Tsetse constitute an important group of vectors of disease in sub-saharan Africa, so they are worth studying in their own right. You make statements in the Introduction and at the end of the Discussion regarding the possible contribution of studies on tsetse olfaction to improvement of intervention strategies for this group of vectors. What you write does not represent the reality of the situation that has emerged in the last decade with regard to tsetse control tools based solely on visually attractive targets for these diurnal flies. It is incumbent on researchers, and particularly those working in the field of insect vectors of disease, to provide an objective, impartial and up-to-date account of the situation.
The text contains many inconsistencies in writing and grammatical errors.
An annotated version of the MS with many corrections and comments accompanies this review.

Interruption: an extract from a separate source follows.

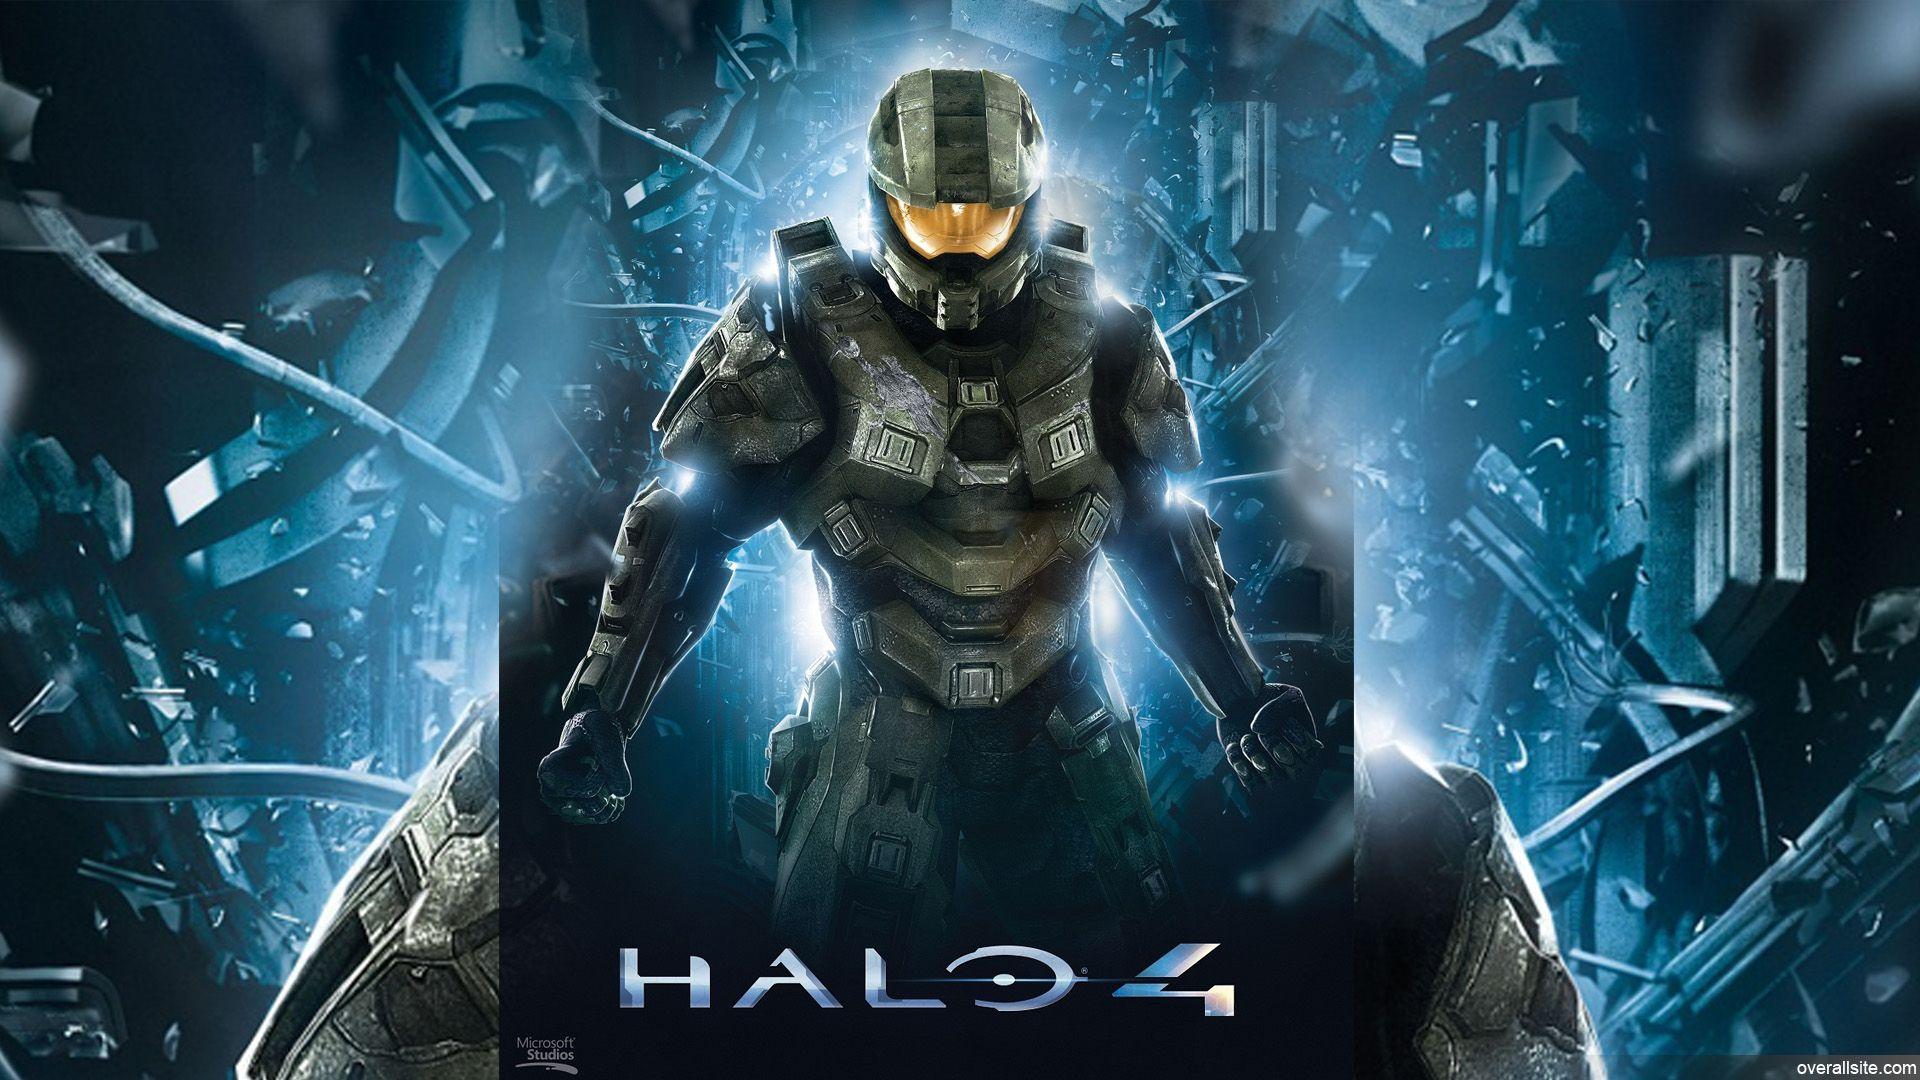 Halo Hd Fondos De Pantalla: Halo 4 Video Games Wallpapers HD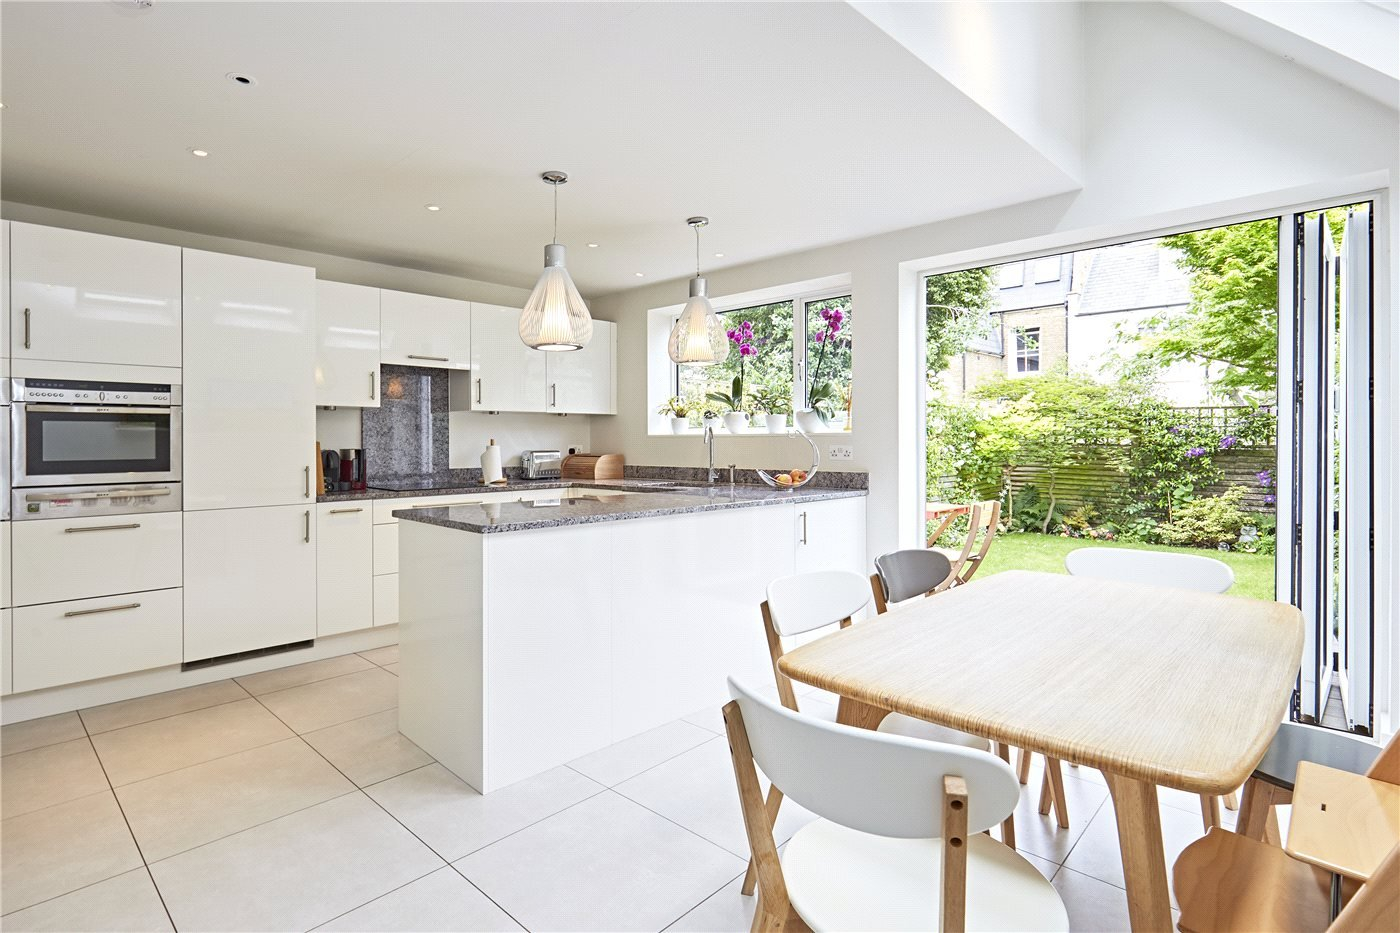 5 bedroom property for sale in Amerland Road, London, SW18 - £1,320,000

Comments for author File: Comments.pdf
Reviewer 3 Report
The manuscript brings new and significant information about odorant bind proteins. The work seemed sound and is well presented with clear objectives and application of the necessary methodologies to highlight the facts. The figures are well dimensioned and clear, however, although passable, Fig 1 could be visually improved.
Minor points
Line 72-Specify which institution the "Center" belongs to.
Line 79-What does “dilutes at 10-3 v/v” mean? Make the sentence more understandable
Fig 2- It should bring information on how the structural models of proteins were obtained
Line 428- “Our results suggest” -Specify which results suggest what the authors mention.